I get a real Titanic feeling washing over me. We can’t move forwards or backwards. We’re stuck waiting for the lift to rescue us. I wonder if this is deliberate.
‘No worries, as long as it’s safe’ I say laughing.
‘Yes’ he chimes in twinkling. ‘I find if you mention health and safety here, people are very understanding about the delays’ and he laughs.
We take a shipyard ride in a car that fits all seven of us. We fly through the shipyard experiencing the sights, smells and sounds of the construction. A big hit all round. The other favourite bit is when we get to sit down to a ginormous screen and experience the actual ship at the bottom of the ocean.

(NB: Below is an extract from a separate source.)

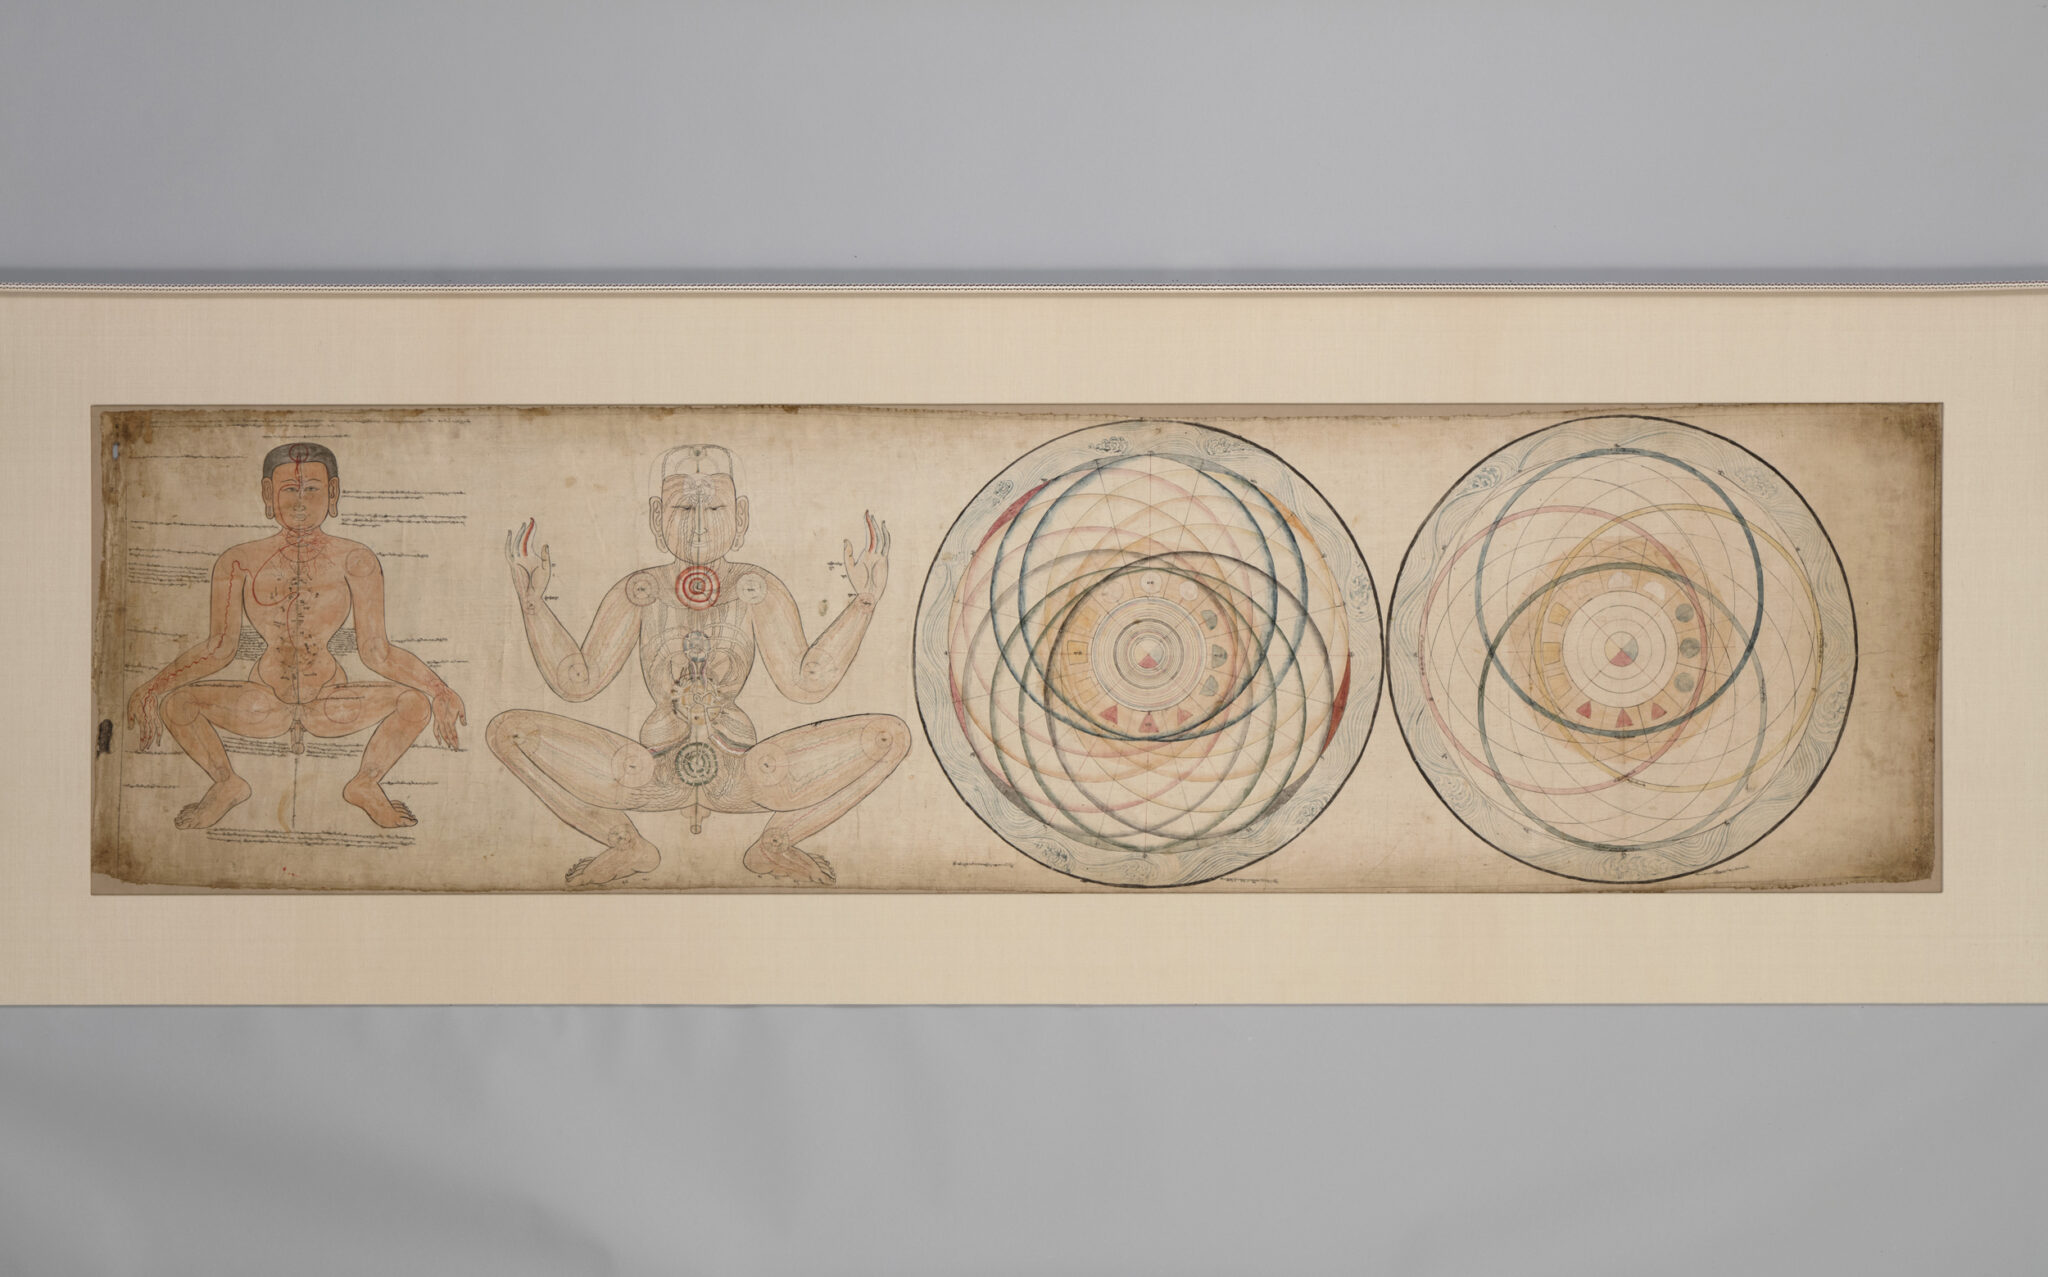 Four illustrations on rectangular beige folio: two human anatomical studies, two circles with inset geometrical compositions

Our taxi driver delivers us back to the centre for some last minute shopping. The kids have ten pounds each to spend. It is the spending of this different currency which will stay with them. They hit the pound shop and emerge with bag loads of thrilling junk. They are orbital. We are leaving it tight for the train back so we flag another taxi to the station. Head count. All in. All smiles.
‘I want to be the first to say it. Thanks Mum and Dad’ with echoes of same all round.
We made it. Banter with the taxi driver about options for our next trip. The Odyssey Arena. The Transport and Folk museum. Yes, yes, we’ll do it all, our newly empowered traveller selves say. We are alighting from the taxi. ‘Careful guys’, I say,’don’t trip on the seat-belts, quick, onto the path’ and I pull the sliding door at the same time as he is closing the passenger door and somehow he is standing there with his finger retrieved, bleeding, in agony, white as a ghost. Fingers in doors. It’s one of our pet dreads.
In the blink of an eye it can change for any of us. Almost there, almost safe, wham. And that’s what we bring from our adventure above all. A thankfulness for the luck that we’ve had to date. An added vigilance for ourselves as well as the kids.
As marque 2 put it: ‘I had a feeling that something might happen to somebody today, but I didn’t expect it to be one of the parents’. Thankfully the finger will recover. And we will venture on unperturbed to other pastures. After all, marque 1 tells us it was one of the best days of his life.